Não são como a solidão lascívia de uma Florbela,
não revelam a vanguarda como Abaporu,
não afrontam como Pagu,
e muito menos estão nos versos doces e adoráveis de Cora.

Quem me dera escrever poemas e dedicá-los a Cuba, assim como fez Neruda,
ou defender o povo latino-americano, como fez Galeano.
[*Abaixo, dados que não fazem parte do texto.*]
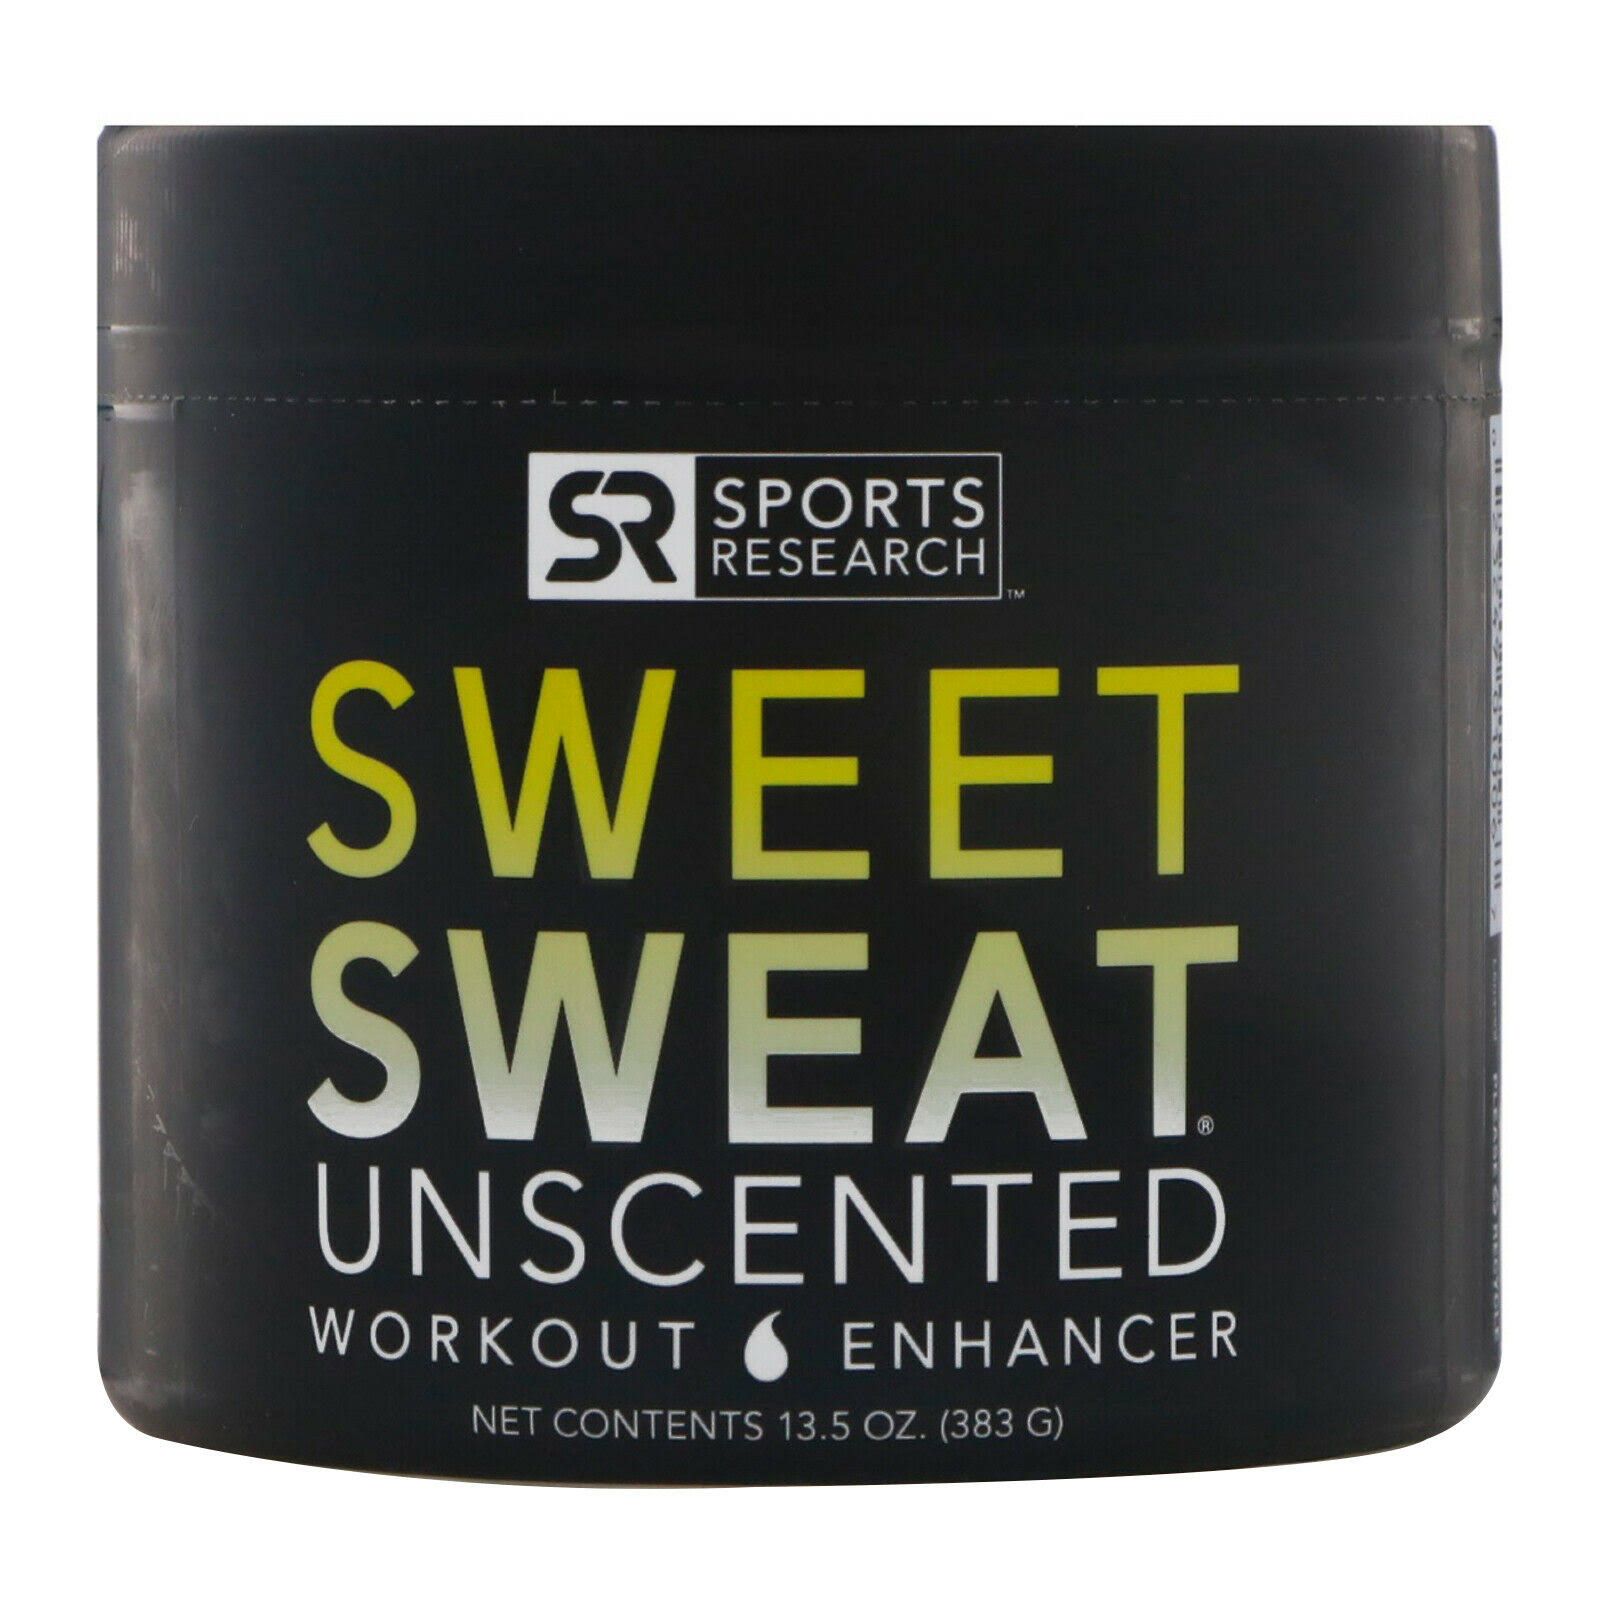 Sports Research Sweet Sweat Workout Enhancer - Unscented, 13.5oz

Quem me dera fosse tão humana como Quintana.
Quem me dera ter o senso de humor de um expert como Prévert.
Quem me dera fosse um grande escritor, assim como a imensa Lispector.
Quem me dera escrever como Freire, Voltaire ou Baudelaire.
Quem me dera decifrar todas as cores de Guimarães,
ou ter a lucidez e as palavras de afago de Saramago.

Quem me dera encontrar as palavras francas de Espanca.
Quem me dera quebrar tabus como fez Pagu.
Quem me dera retratar indígenas, negros, favelas e vilas como fez Tarsila.
Quem me dera fazer brotar nos meus tachos a doçura de Coralina…

Ah! Quem me dera! Quem me dera!
De que vale a minha arte, se não existe para quem?